Несколько месяцев назад я получила от деда письмо. Он жутко состарился и, по-моему, сильно смягчился; захотел повидать меня перед смертью.
— Как он вас нашел?
— Мама писала ему, когда умер отец. Не очень приятное письмо. С тех пор она, разумеется, переехала, но все равно живет в Нью-Йорке, так что ее нетрудно найти. Письмо было послано на ее имя.
— Вы живете со своей матерью?
— Нет, я уехала два года назад, когда нашла работу. Но мы все время встречаемся и вполне ладим. Она стала работать после смерти отца, и у нее неплохое место в крупном универсаме.
— Ну хорошо. Конечно, вполне может случиться, что ваши проблемы как-то связаны с дедом. Я так понял, это его кольцо?
— Да, он попросил меня привезти его с собой. Он прямо не заявил, что отец его стащил, но намекнул. Бог свидетель, мне эта проклятая штука совсем ни к чему.
— Не знаю, судя по вашему описанию, оно смахивает на те вещи, которые нынче продаются на распродажах поп-арта [20]. Только мне не понятно, какой смысл в этой уродливой безделушке. Может, она должна указывать настоящего наследника? Не собирался ли ваш отец обобрать своего старшего брата на миллион фунтов, украв кольцо?
— Мой отец был единственным сыном. У него есть сестра, она живет в Корнуолле, ухаживает за дедом. Вдова. По-моему, наследником будет ее сын. «Твой кузен Джон», — как называет его дед. Да Господи, Дэвид, там наследовать нечего! У них никогда не было ни титула, ни крупного поместья, а со времен последней войны та собственность, что оставалась, упала в цене, как и многое другое. Мама все острила по этому поводу.
— Кажется, ваша мать — женщина, которая пришлась бы мне по сердцу. Практичная. Что ж, очень жаль, я не смогу жениться на вас ради денег. — Дэвид подал знак официанту. — Выпьем еще кофе, нам есть что обсудить. О'кей, как говорят у вас в... Извините. Наш курс ясен. Очевидно, что надо переговорить с дедулей. По дороге в Корнуолл остановимся в Солсбери, добудем его колечко из соборной казны.
— Дэвид... — Но речь, которую Джесс начала произносить, застряла костью в горле. Она чувствовала себя как ребенок, пытающийся заставить себя отказаться от невероятно желанного, но неуместного подарка.
— Что?
— Я не могу... вы не должны...
— Впутываться в это дело? — Он поставил кофейную чашку на блюдце ловким, точным движением и улыбнулся. Из-за распухшего рта улыбка вышла карикатурной, но глаза над пресловутым носом были теплыми и веселыми. — Дорогой мой невинный младенец, я уже впутался. Разве вы не видите, что для них я — единственное звено, связанное с вами.

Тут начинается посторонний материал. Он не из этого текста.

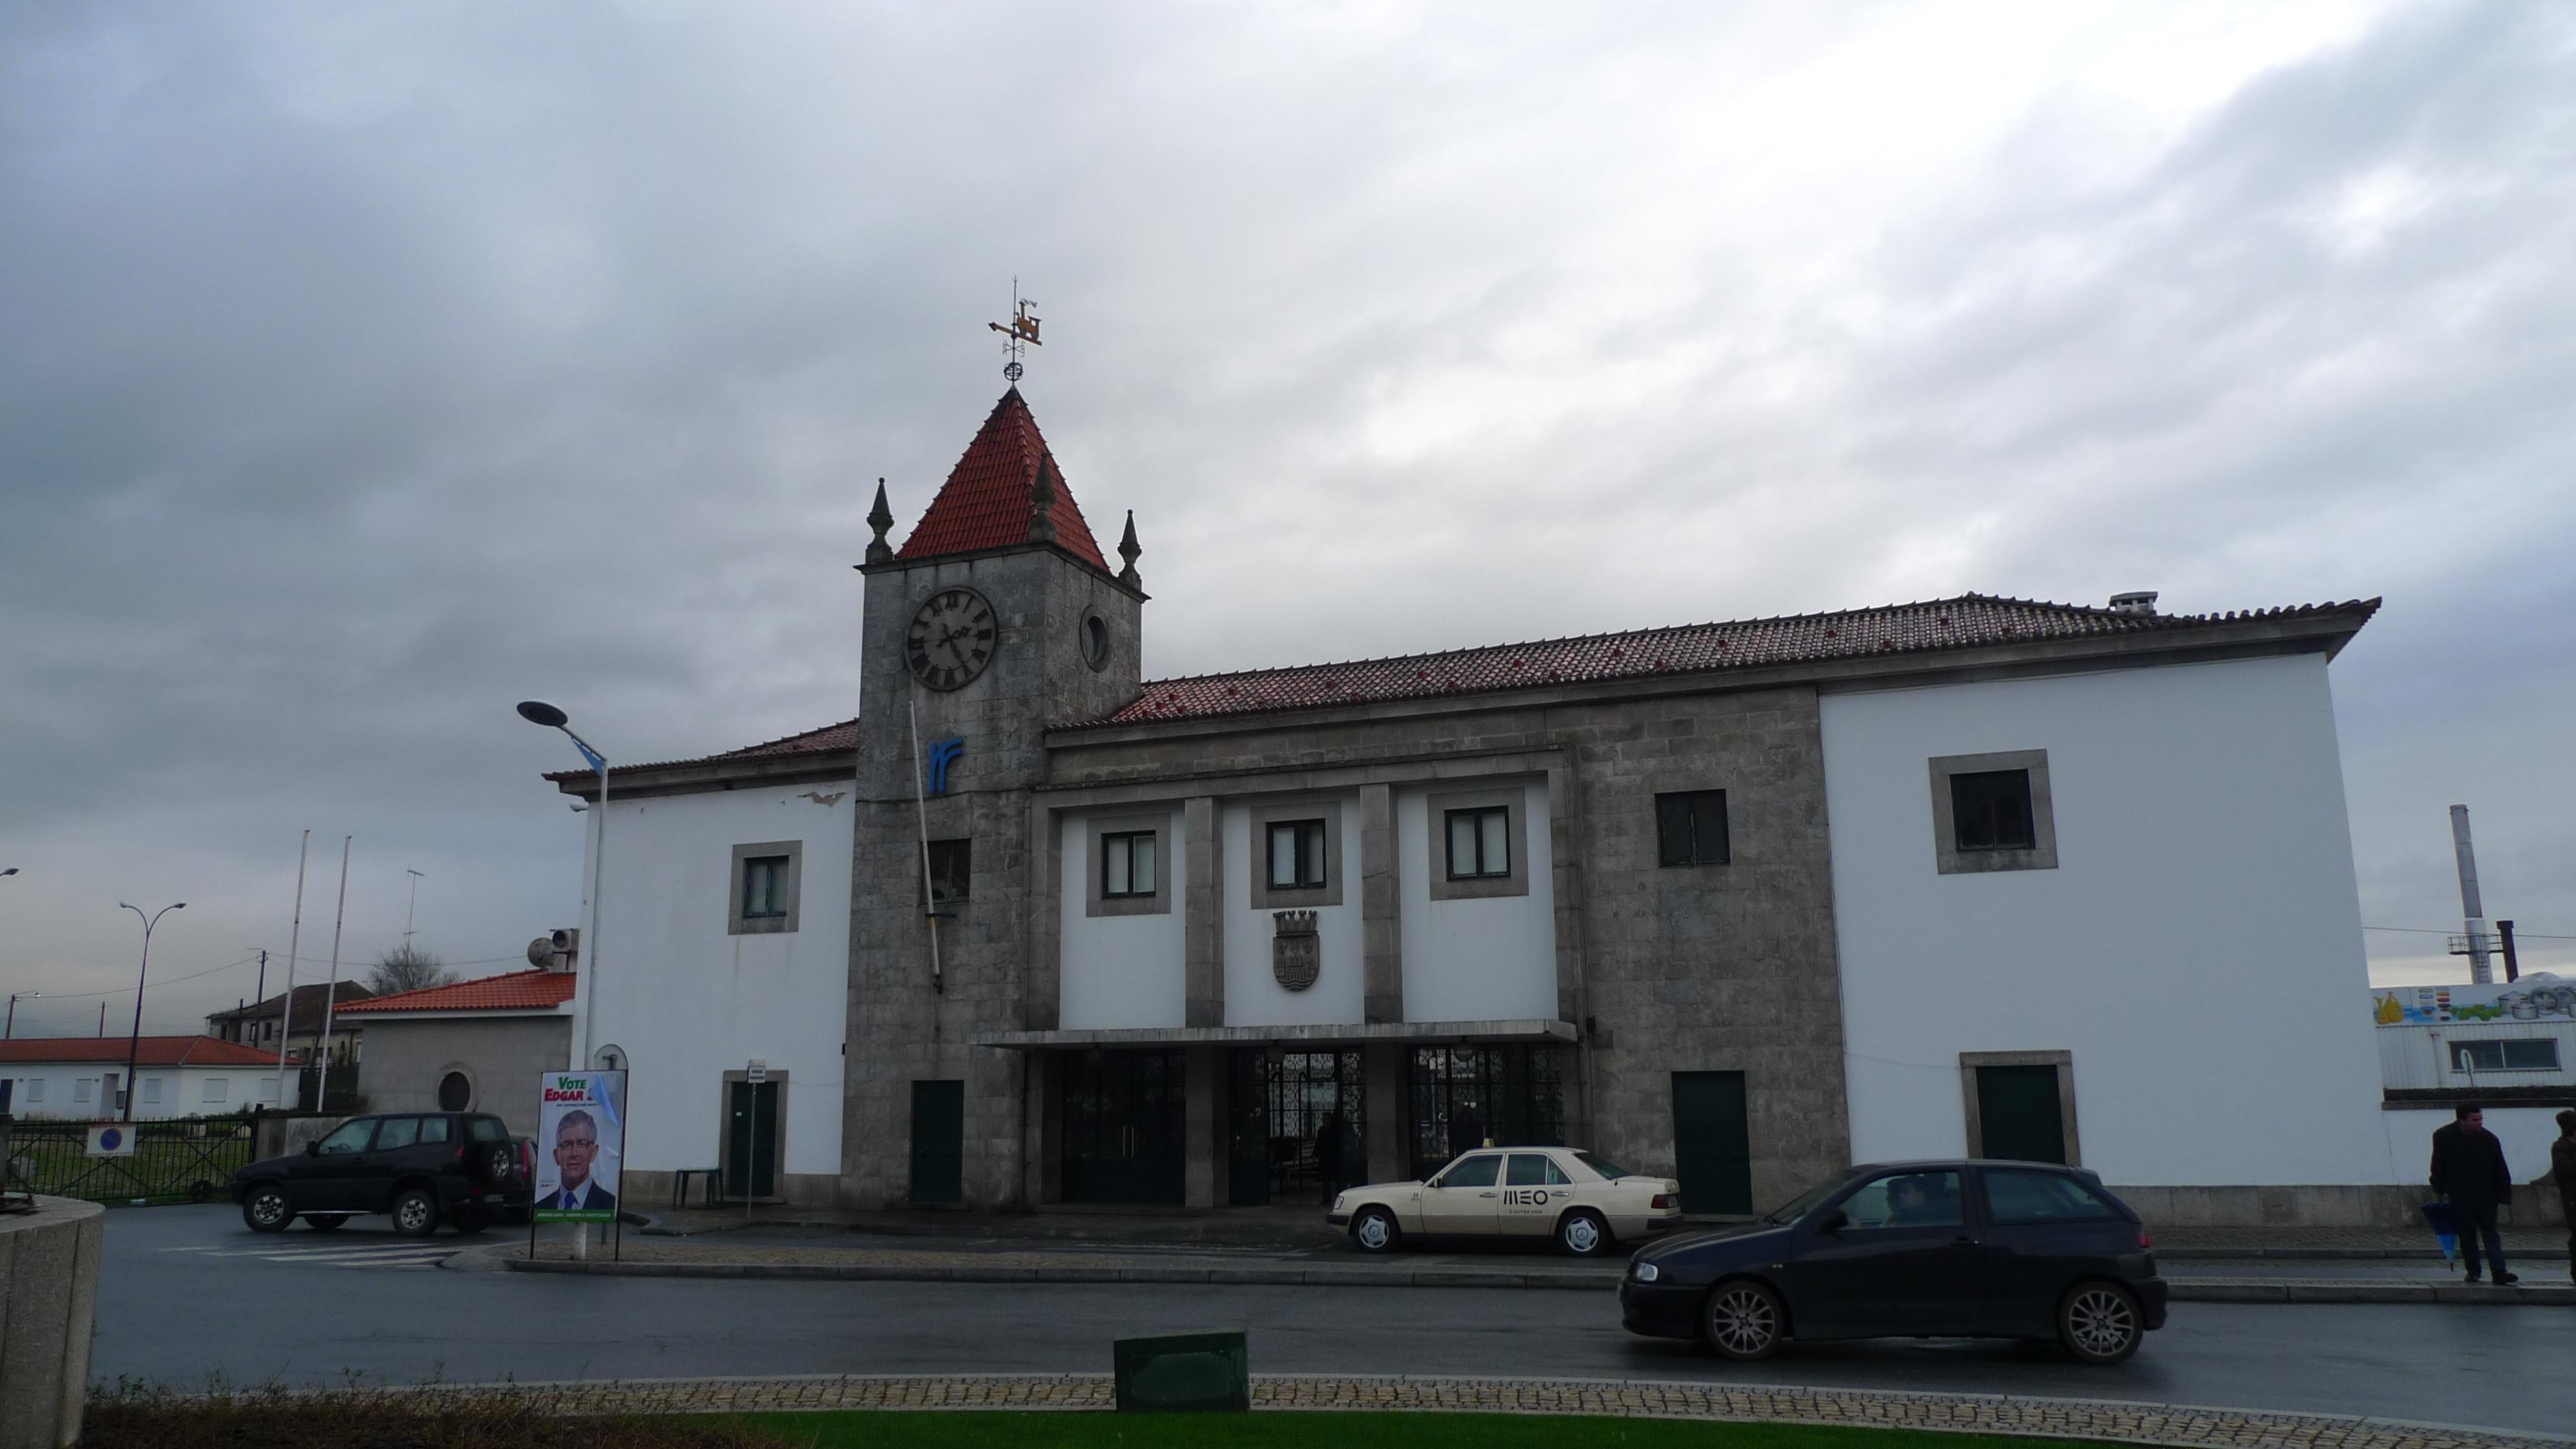 Estação Ferroviária de Barcelos
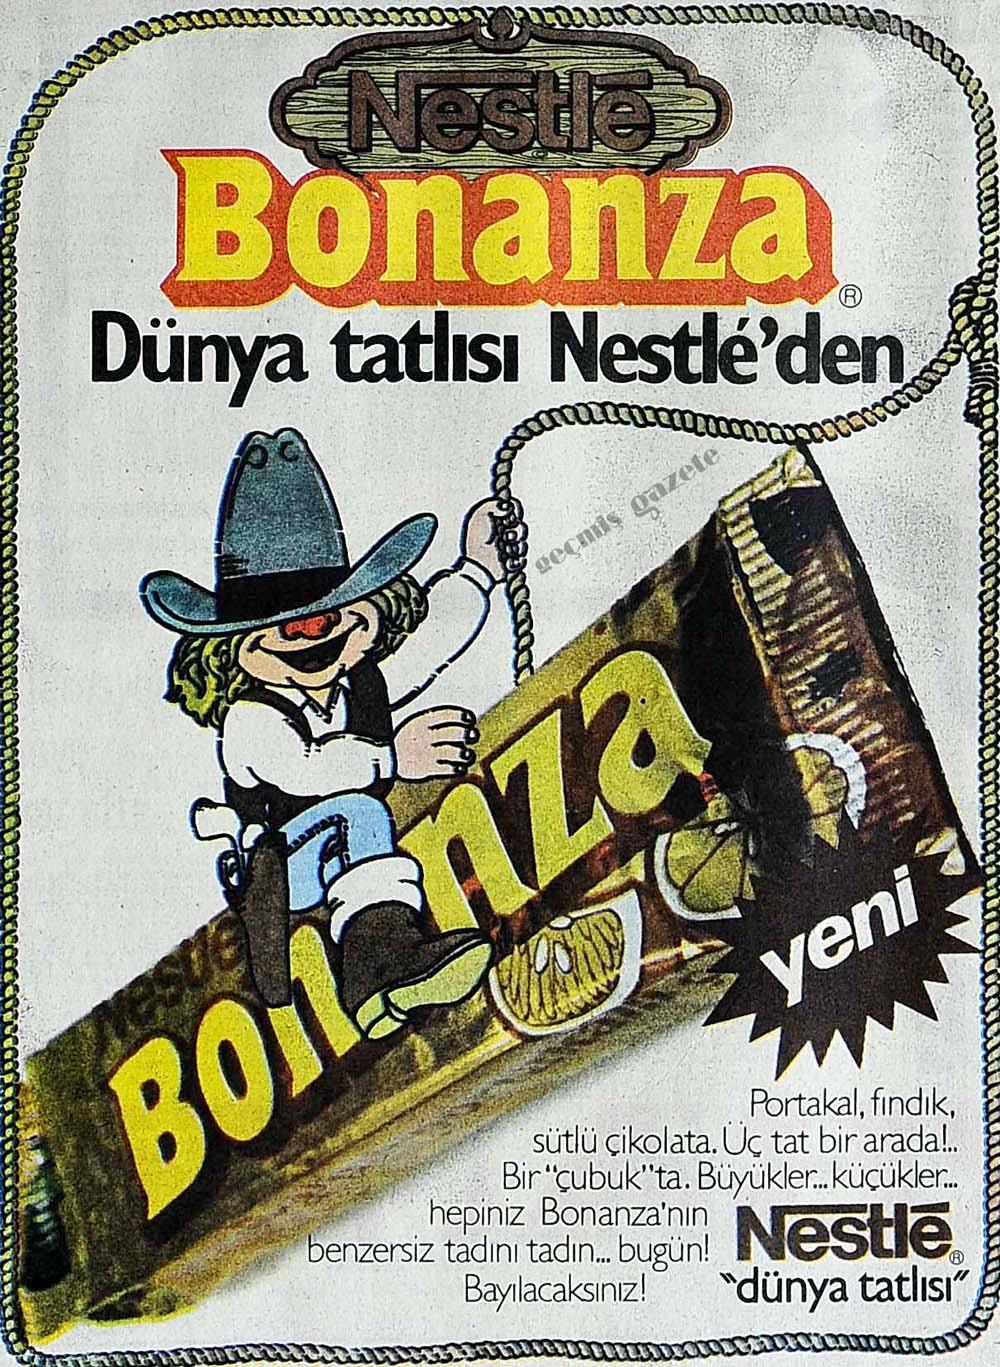 Nestle Bonanza Dünya tatlısı Nestle'den

Когда они убедятся, что вы не спрятались на Рассел-сквер, и к тому же не обнаружат отеля, о котором я им рассказывал, они снова примутся за меня. С клещами для вырывания ногтей, дыбой и портативной «железной девой» [21].
— Как вы можете этим шутить?
Он накрыл рукой ее сжавшийся кулачок. Слегка шокированная, она сообразила, что он впервые коснулся ее, не считая общепринятых жестов вежливости. Наверно, поэтому пальцы его показались необычайно теплыми и сильными.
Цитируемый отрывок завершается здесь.